[What is required]:
Word for word, output the data, with none of its pictures.

[[ Information supplied, beginning ]]

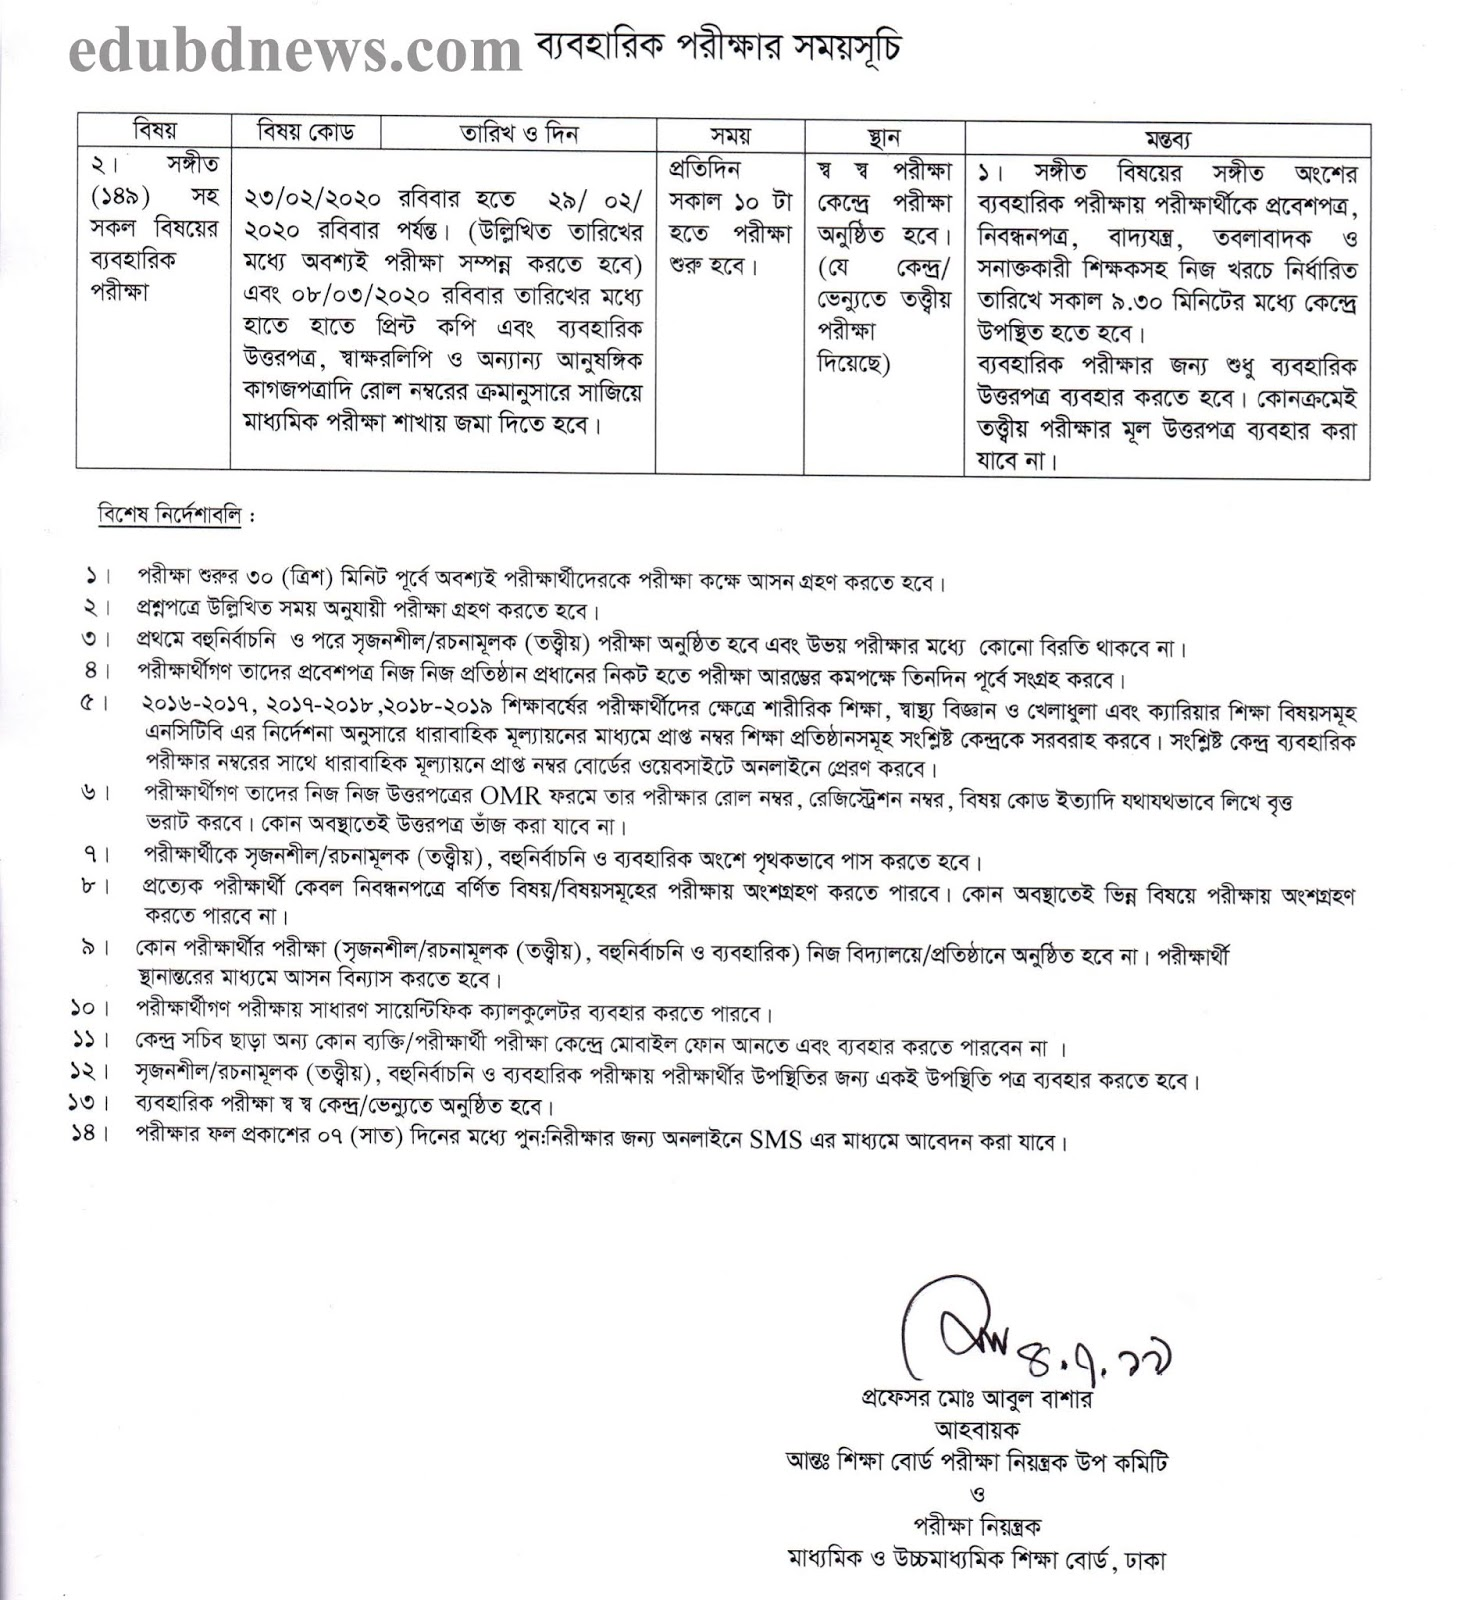 ssc exam routine 2020 PDF download
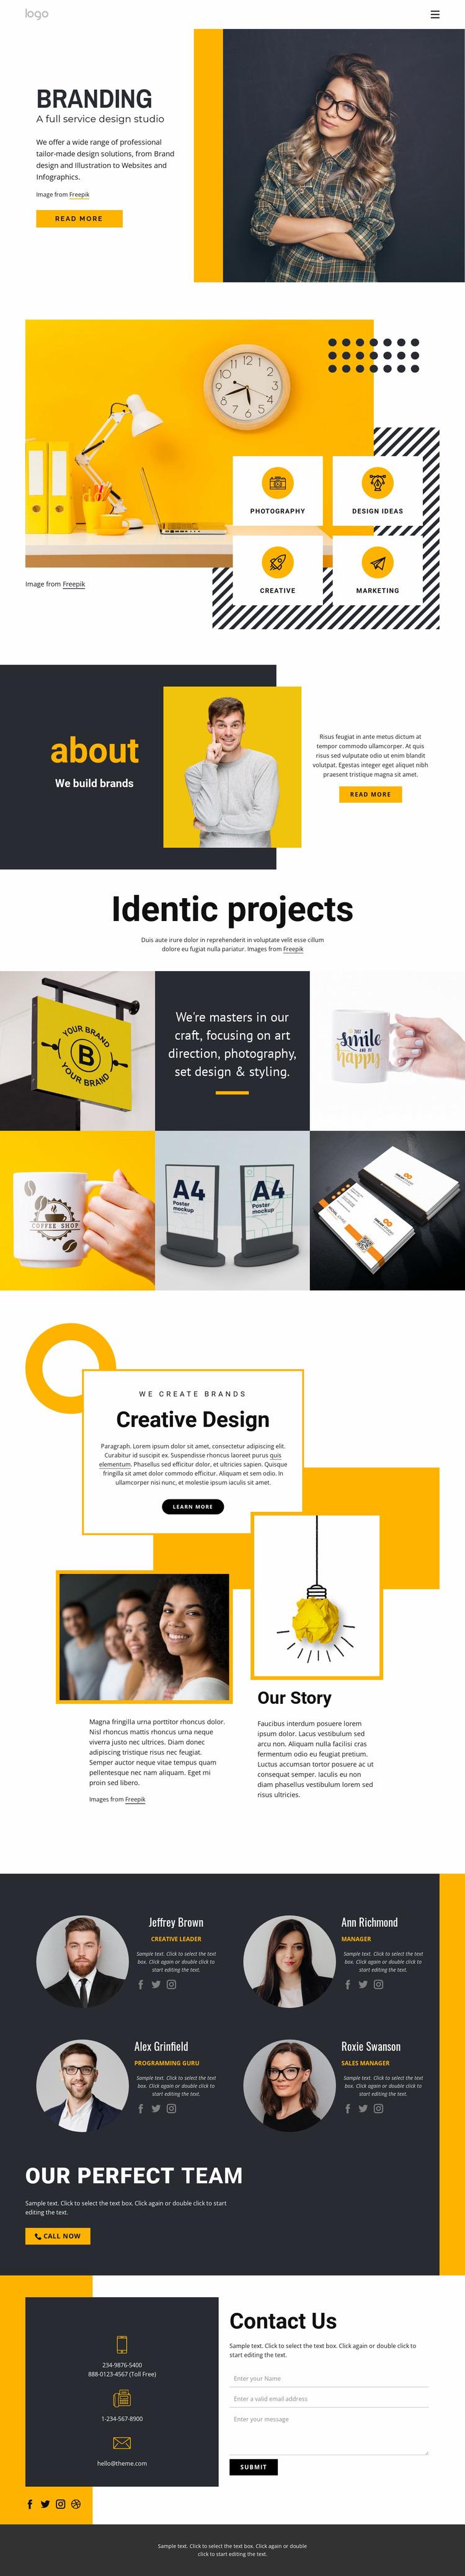 Full-service design studio WordPress Website Builder
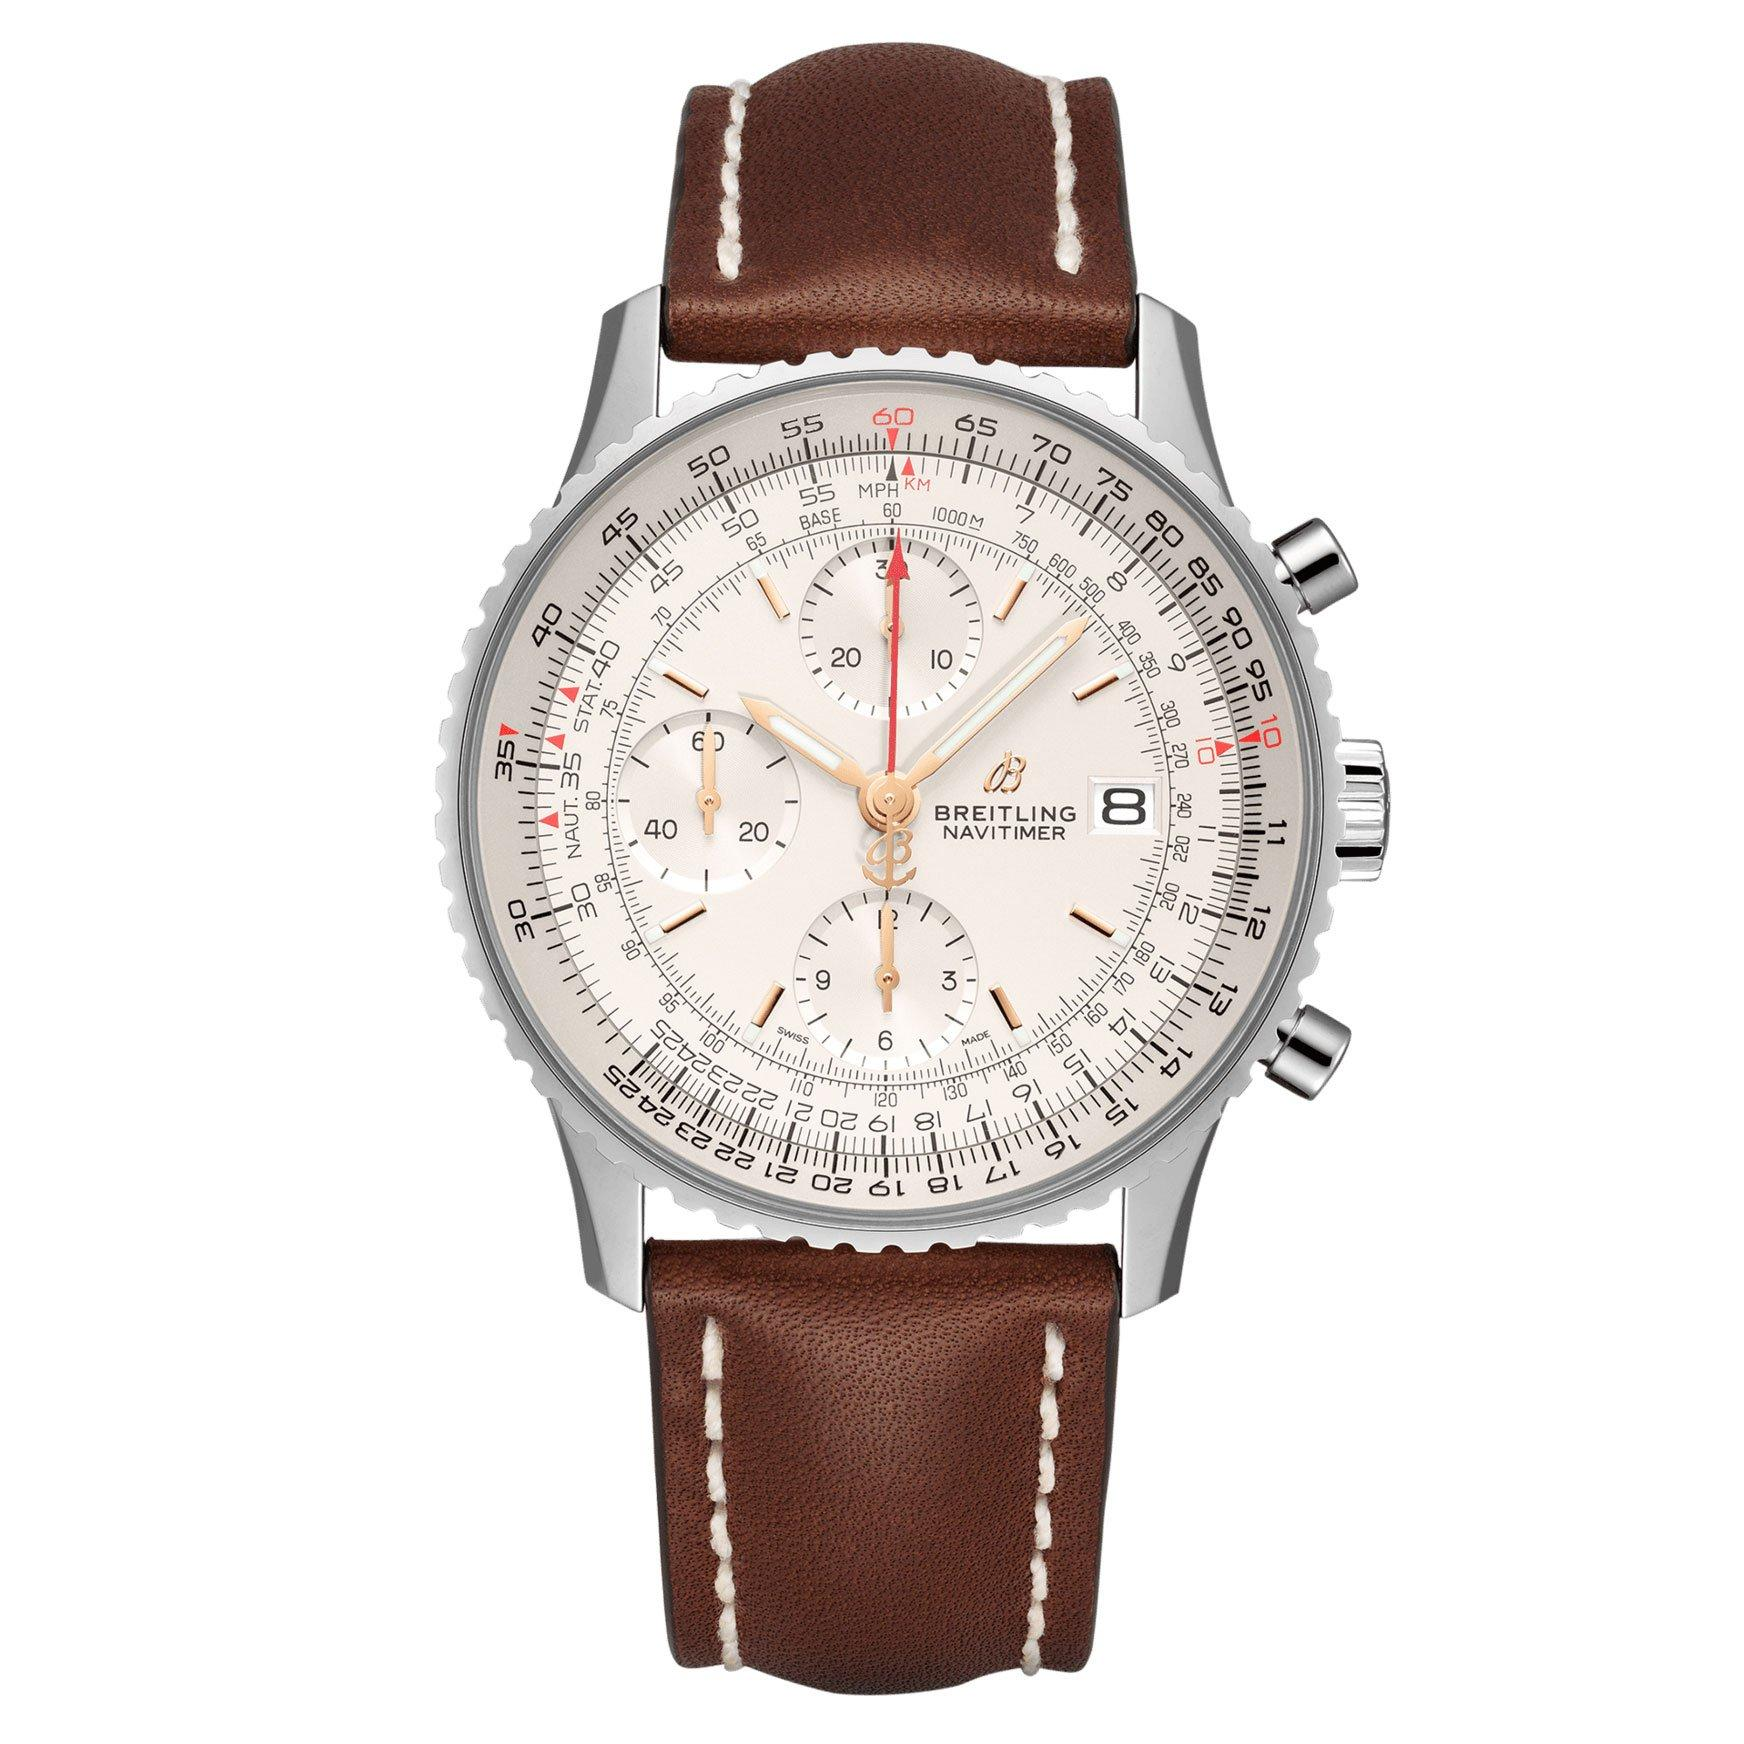 Breitling Navitimer 1 Chronograph 41 Men's Watch

[[ Information supplied, end ]]

[Your response]:
 ssc exam routine 2020 PDF download
 Full-service design studio WordPress Website Builder
 Breitling Navitimer 1 Chronograph 41 Men's Watch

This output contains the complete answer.